The October meeting, SENS 1, gave rise to a highly controversial and
provocative article, "Time to Talk SENS: Critiquing the Immutability
of Human Aging", which was published in the Annals of the
New York Academy of Sciences as part of the Proceedings of the 9th
Congress of the International Association of Biomedical Gerontology.
(More details of that meeting, including a transcript,
are here.) The
central conclusion of that article was that there is a substantial
possibility that, within about ten years, we could take a mouse aged
about two years (i.e., with a remaining life expectancy of six months
or so) and restore it to sufficiently youthful physiology that it
would live a year longer than otherwise. Given that such technology
-- were it developed in mice -- might potentially be translated to
humans, SENS 2 was convened with the goal of discussing the social,
political and ethical implications of this possibility, as well as
several aspects of the biology of aging that were inadequately covered
in SENS 1 or the resulting paper.
The participants in SENS 2 comprised three SENS 1 participants (Aubrey
de Grey, Gregory Stock and Chris Heward) and seven others: John Baynes,
David Berd, David Gems, Leonard Hayflick, Richard Miller, Huber Warner
and John Wilmoth. The expertise of the group thus ranged over
many pertinent areas, including glycation, immunosenescence, immunotherapy
for cancer, bioethics of life extension, demography of human aging
and public and philanthropic funding of anti-aging research.

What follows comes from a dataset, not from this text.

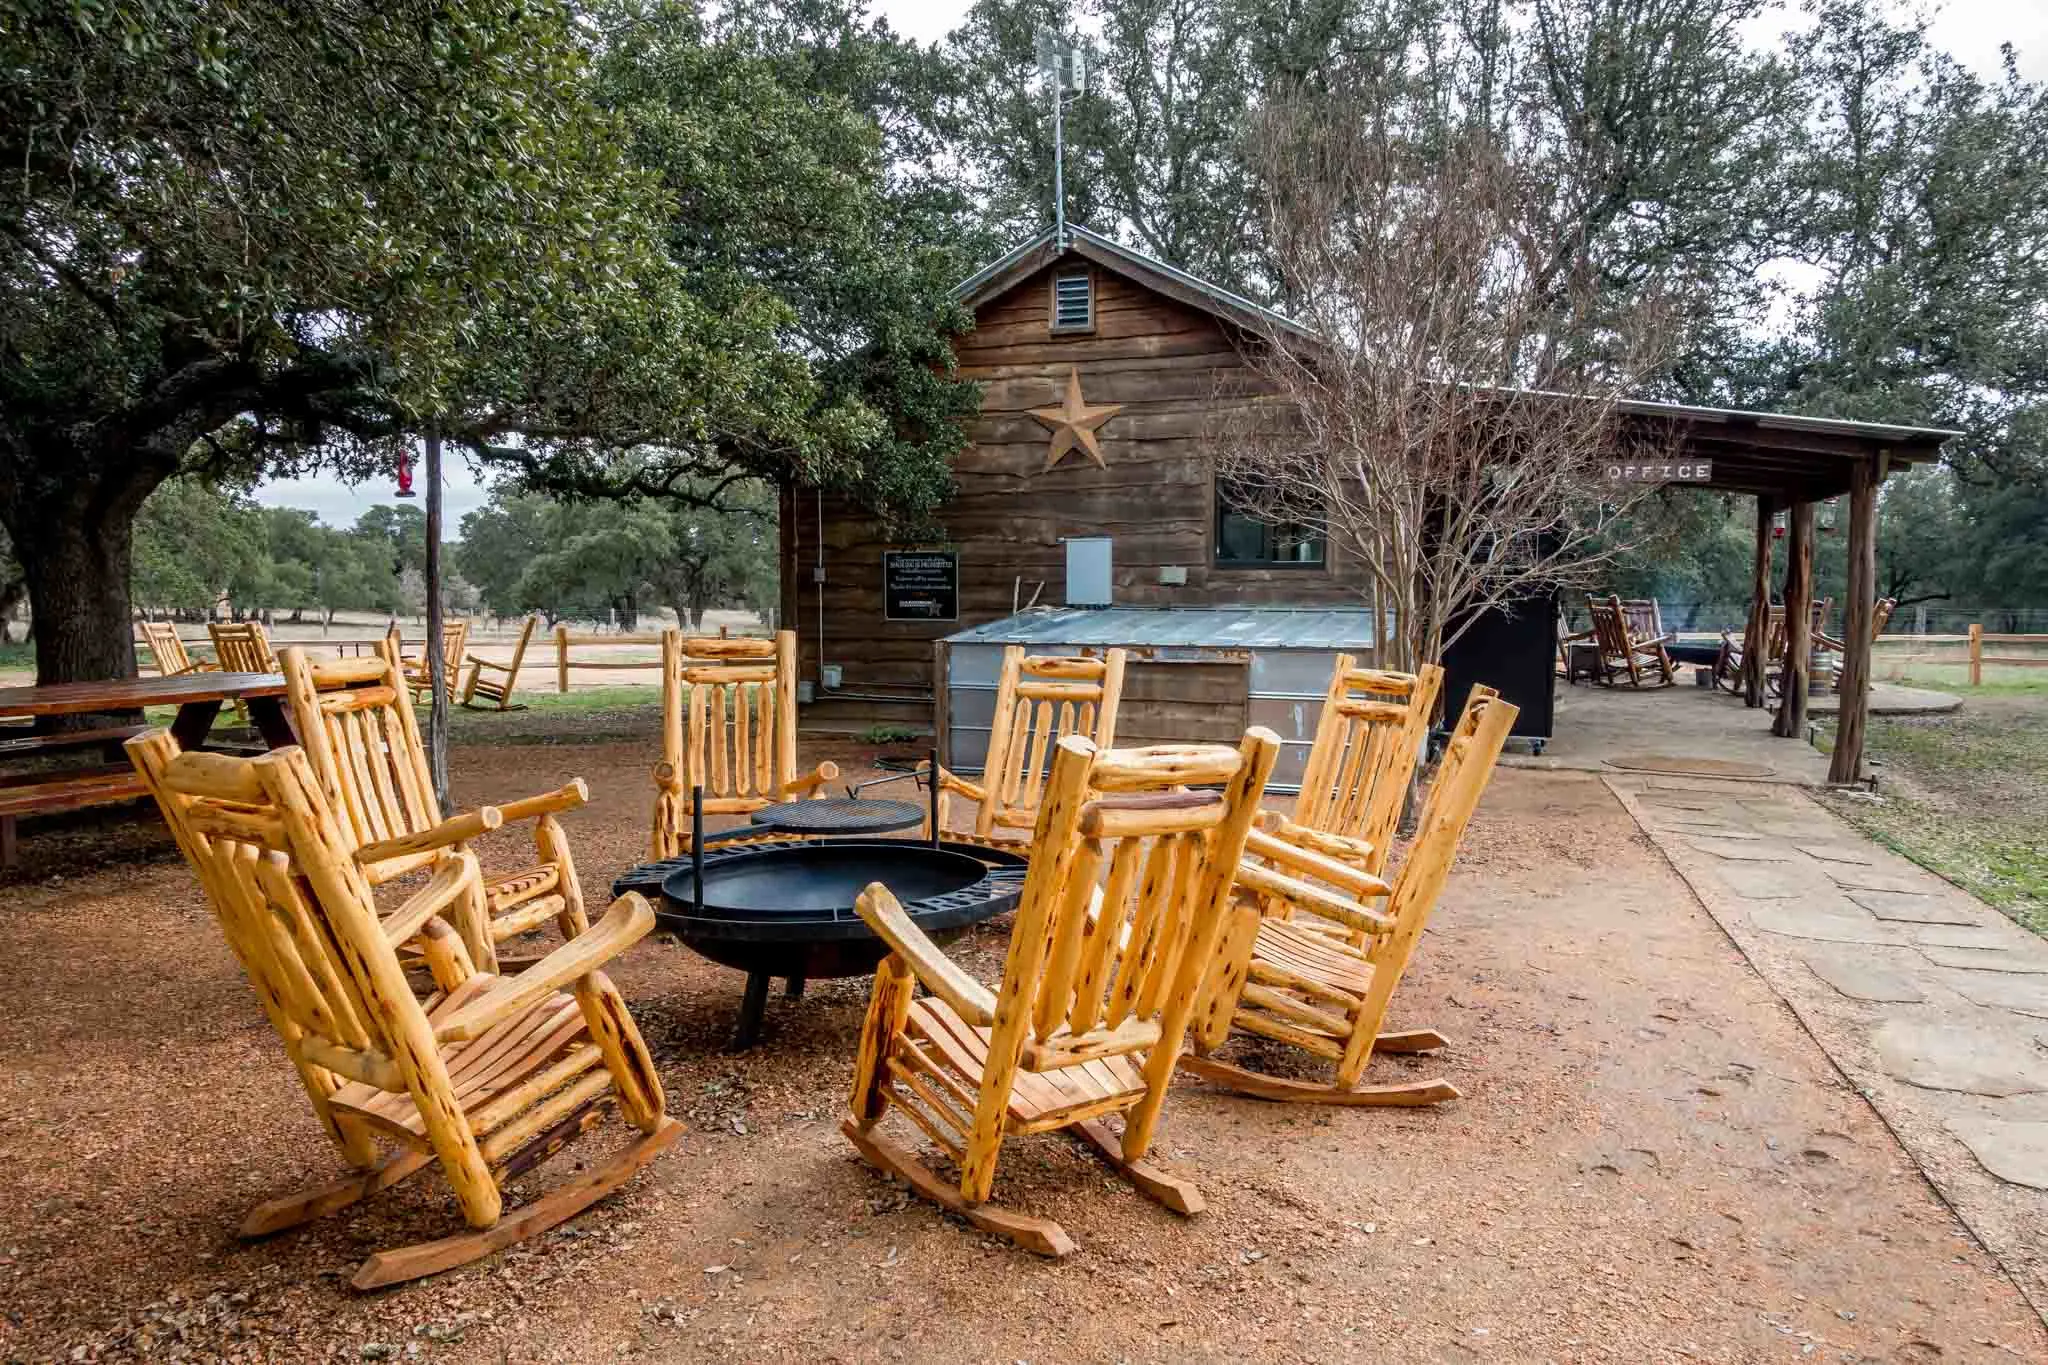 Rocking chairs around fire pit outside a wooden building.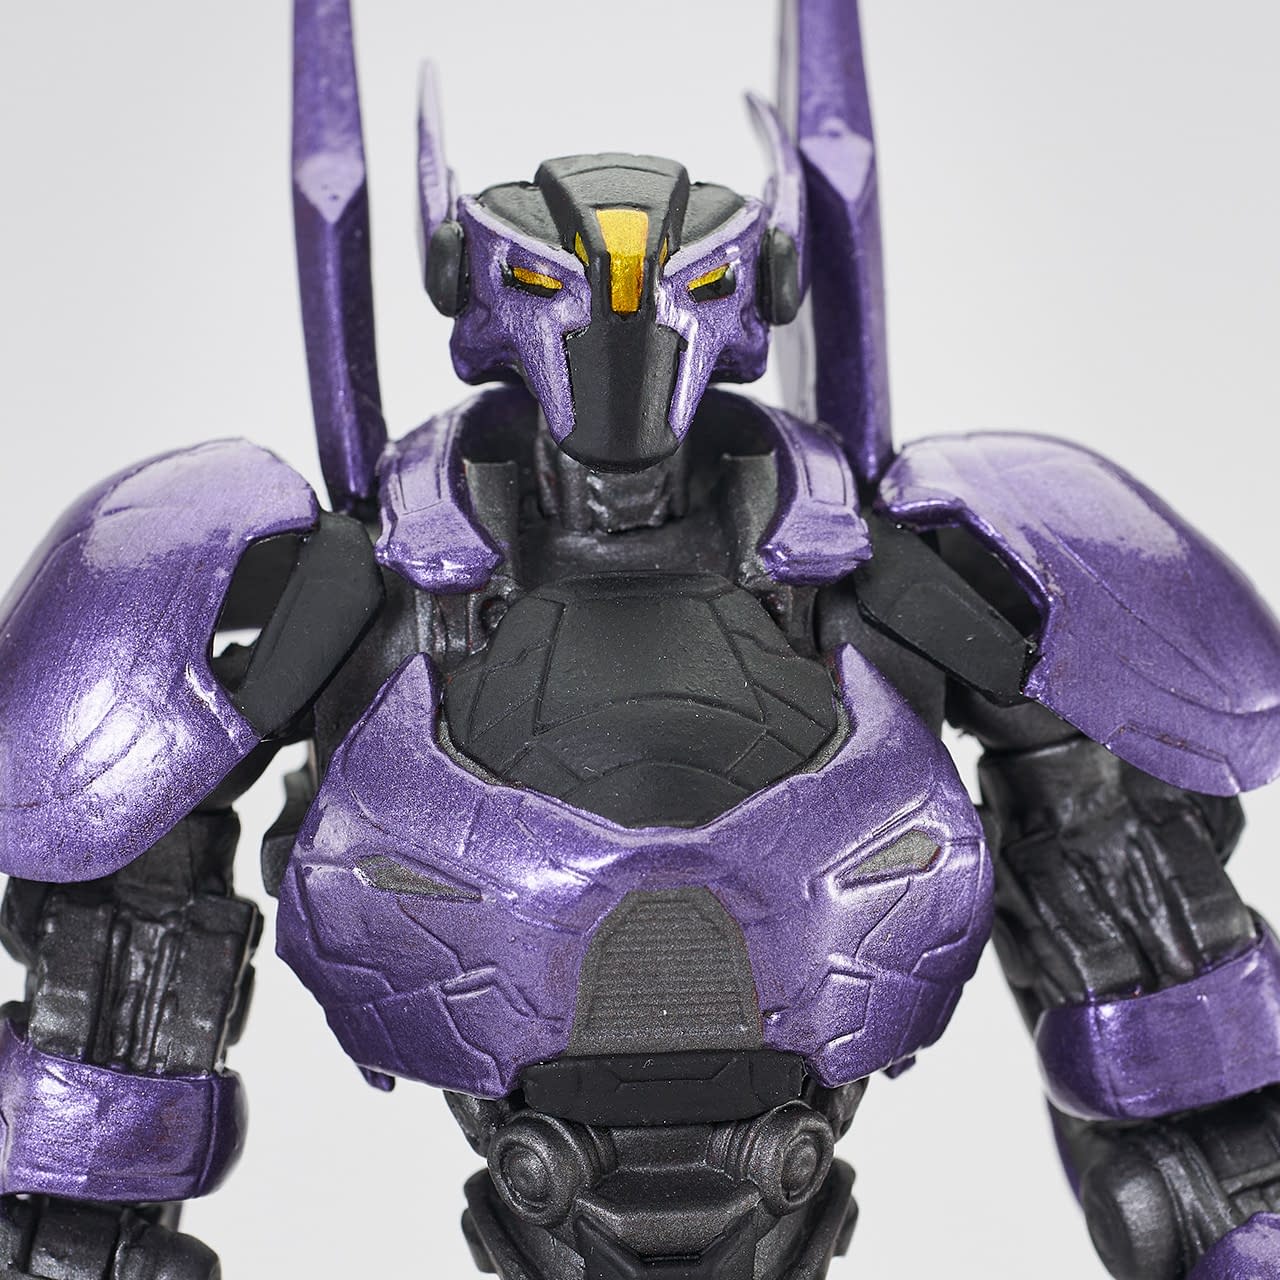 New Pacific Rim: Uprising Series 1 Figures Arrive from Diamond Select 

In addition, Steven Coles, David Kekich and Kat Cotter attended as
observers. As at SENS 1, each participant gave an informal overview
of their area which was followed by extensive discussion.
In contrast to SENS 1, there was neither any intention nor expectation
of reaching unanimous consensus on all issues discussed. Issues
that divided the participants included the feasibility of the proximate
goal set out in SENS 1 (the mouse rejuvenation project), the desirability
of public optimism regarding the likelihood of progress, the reasons
for the low level of funding of basic biogerontology research and
the social advantages or disadvantages of controlling human aging.
All these topics were, however, addressed with great care and cordiality
and many important new arguments were presented. All participants
left the meeting with much to think about. A manuscript arising
from the deliberations appeared shortly thereafter.